So, I have a couple makes of small servos (often referred to as micro servos) for a 29 mm TVC gimbal and I would like some guidance (pun intended) on what I should be looking for on servo specs and maybe tips on the best manufacturers. Actually, if I had a recommended manufacturer that would help a great deal. Eventually, I would like to create a 38 mm TVC gimbal after gaining some experience with the 29 mm mount.

Basically, I see two types of construction for these small servos; plastic and metal gears (photo). These are both 90 degree servos.
IMG_2762.jpg
I have two servos (X & Y axis) supplied with a BPS Space Signal R2 kit that are plastic gear type manufactured by Osoyoo, SG90.

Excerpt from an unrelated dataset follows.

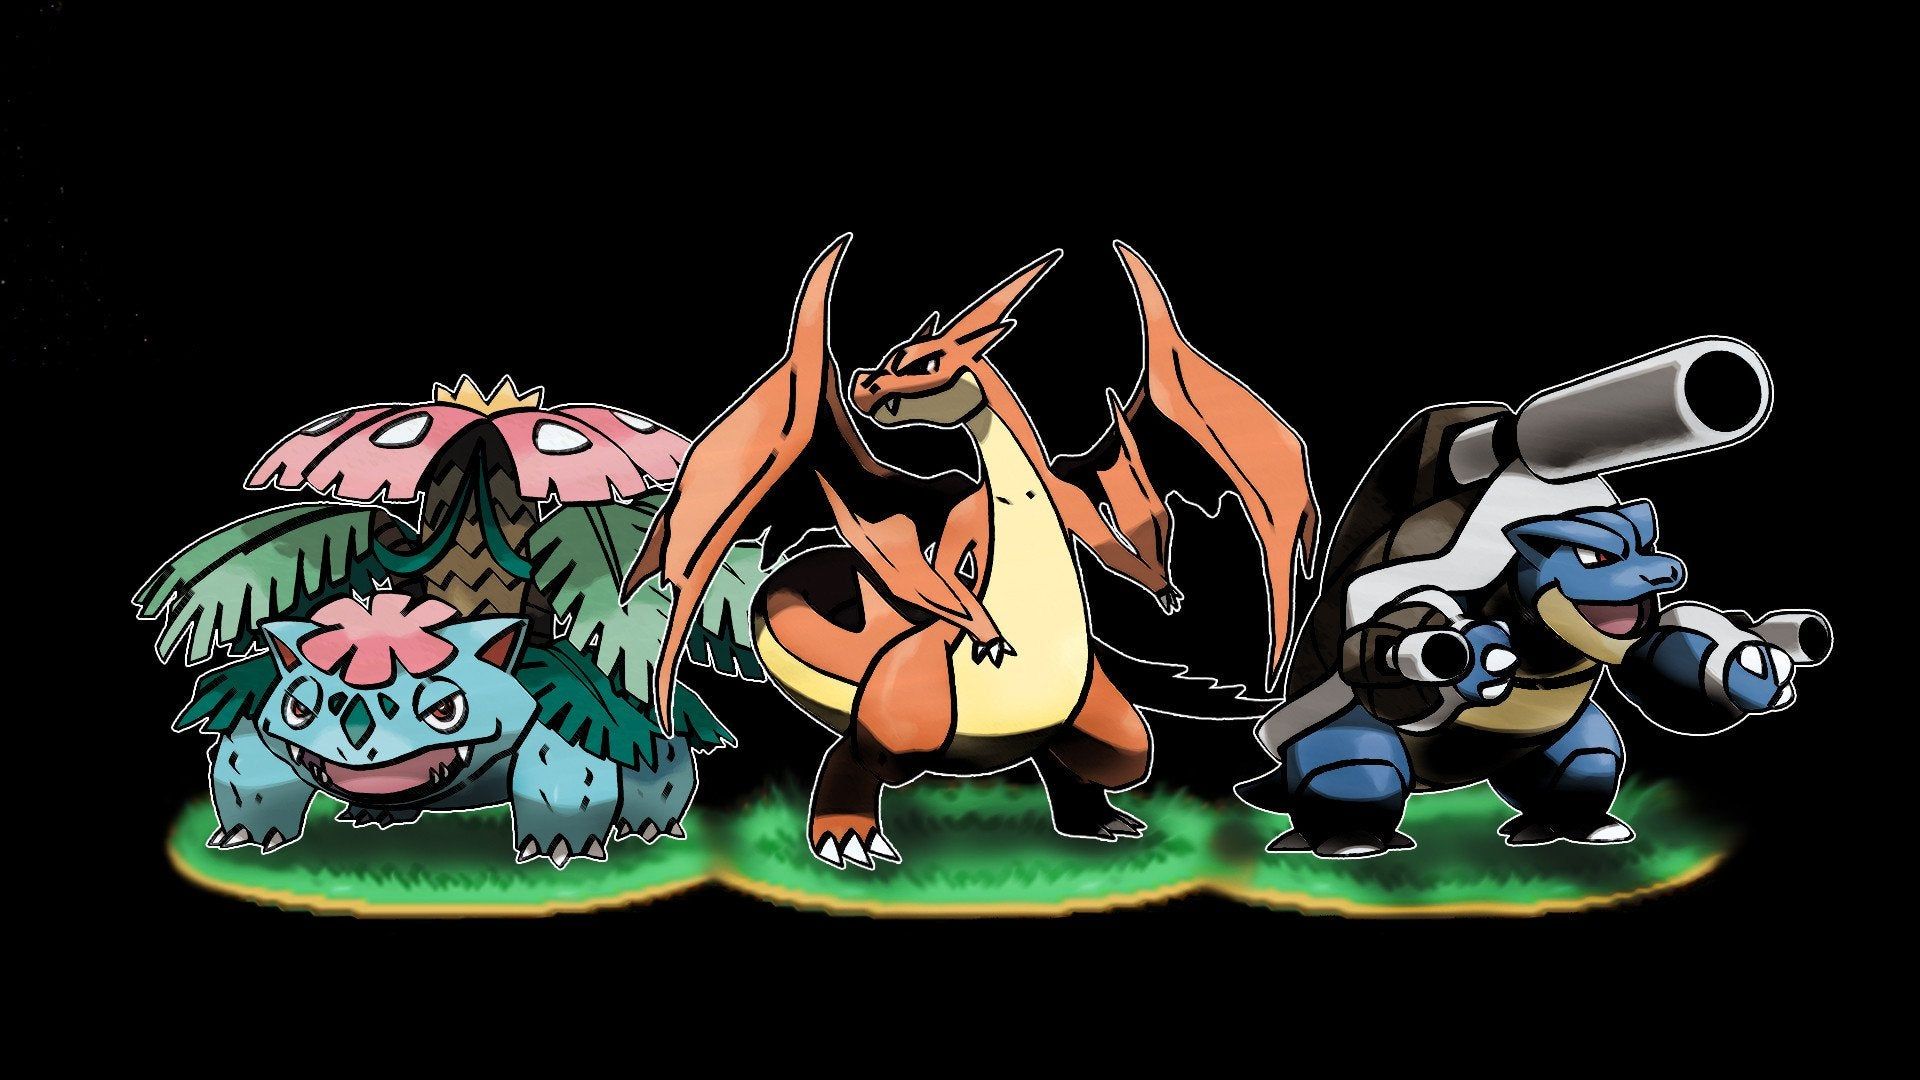 I Made A Wallpaper (1920x1080) Using The New Kanto Mega Evolutions. Thought I'd Share It.(#spoiler)

I found the following specs for these servos:
Operating Speed: 0.3 sec/60 degrees (voltage not given)
Stall Torque: 1.5 Kg/cm
Voltage: 4.2 to 6 volt
When I check them with a Hiwonder servo tester, they seem a bit "noisy." These are installed in a test stand to check if the TVC mount will be OK using a CTI G33
IMG_2761.jpg
I have another TVC gimbal in a rocket. This gimbal is made with PETG and using TowerPro MG90D, metal geared servos. Using the servo tester, these seem a bit quicker, smoother, and and not so much noise at the center position. Here are the specs:
Operating speed: 0.10 sec/60 degrees (4.8 volts), 0.08 sec/60 degrees (6.6 volts)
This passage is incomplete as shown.